Plug the numbers for a, b and c into the quadratic formula. In the example, this yields the quadratic formula x = [-3 +/- sqrt(3^2 - 4(1)(2))]/[2(1)]. In the formula, sqrt represents square root.
Square b inside the square root sign. In the example, square 3 to get 9.
Multiply 4 by a by c inside the square root sign. In the example, multiply 4 by 1 by 2, which equals 8.
Subtract the result of 4ac from the result of b^2 inside the square root sign. In the example, subtract 8 from 9, which equals 1. This leaves x = [-3 +/- sqrt(1)]/[2(1)].
Calculate the square root of the number in the square root sign. In the example, calculate the square root of 1, which equals 1. This leaves x = (-3 +/- 1)/[2(1)].
Multiply 2 by a in the denominator. In the example, multiply 2 by 1, which equals 2. This leaves x = (-3 +/- 1)/2.
Separate the formula into two formulas -- one with a "+" sign in the numerator and one with a "-" sign -- to separate the +/- sign in the numerator. This means the equation will have two solutions. In the example, this results in x = (-3 + 1)/2 and x = (-3 - 1)/2.
Add the numbers in the numerator of the first equation. In the example, add -3 to 1, which equals -2. This leaves x = -2/2.
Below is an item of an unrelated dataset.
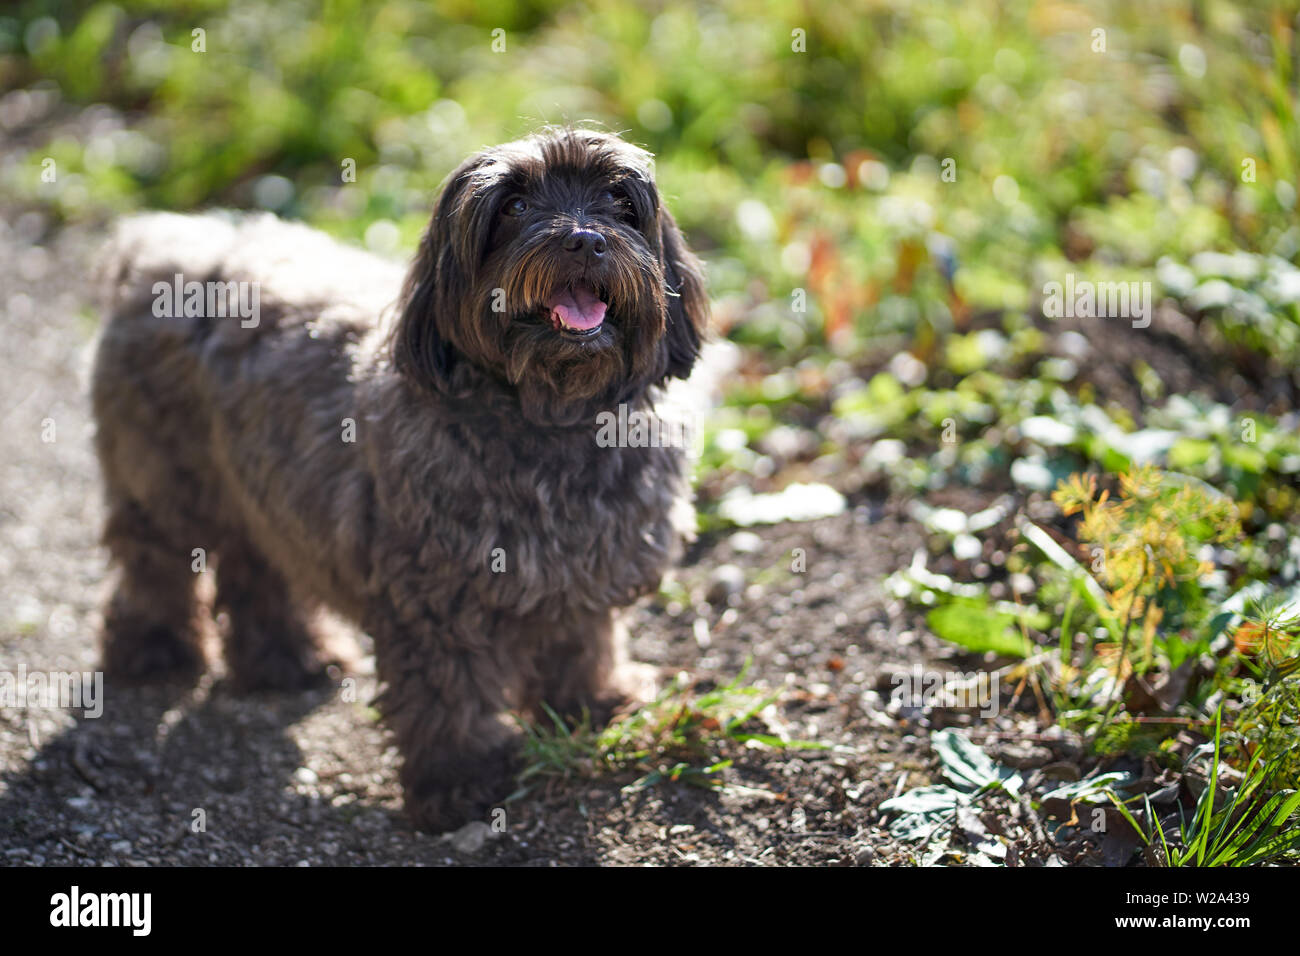 Black havenese dog looking up outdoors meadows Stock Photo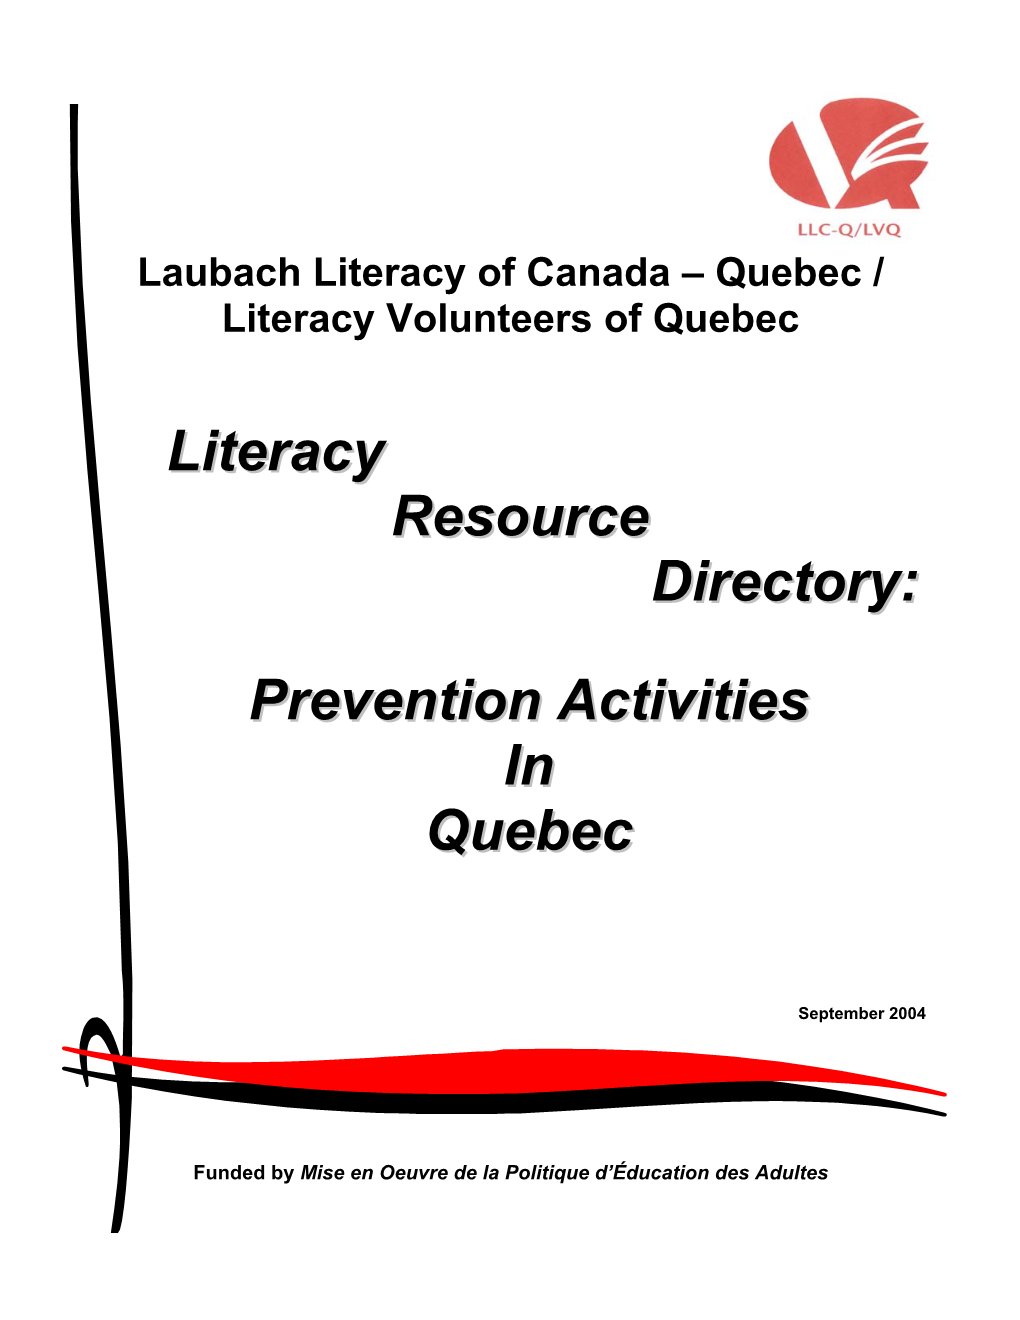 Laubach Literacy of Canada – Quebec/Literacy Volunteers Of

Divide the numerator by the denominator to solve for x. In the example, divide -2 by 2, which equals -1. This leaves x = -1, which means -1 is the first solution.
Subtract the numbers in the numerator of the second equation. In the example, subtract 1 from -3, which equals -4. This leaves x = -4/2.
Divide the numerator by the denominator to solve for x. In the example, divide -4 by 2, which equals -2. This leaves x = -2, which means -2 is the second solution. So the solutions to the quadratic equation are -1 and -2.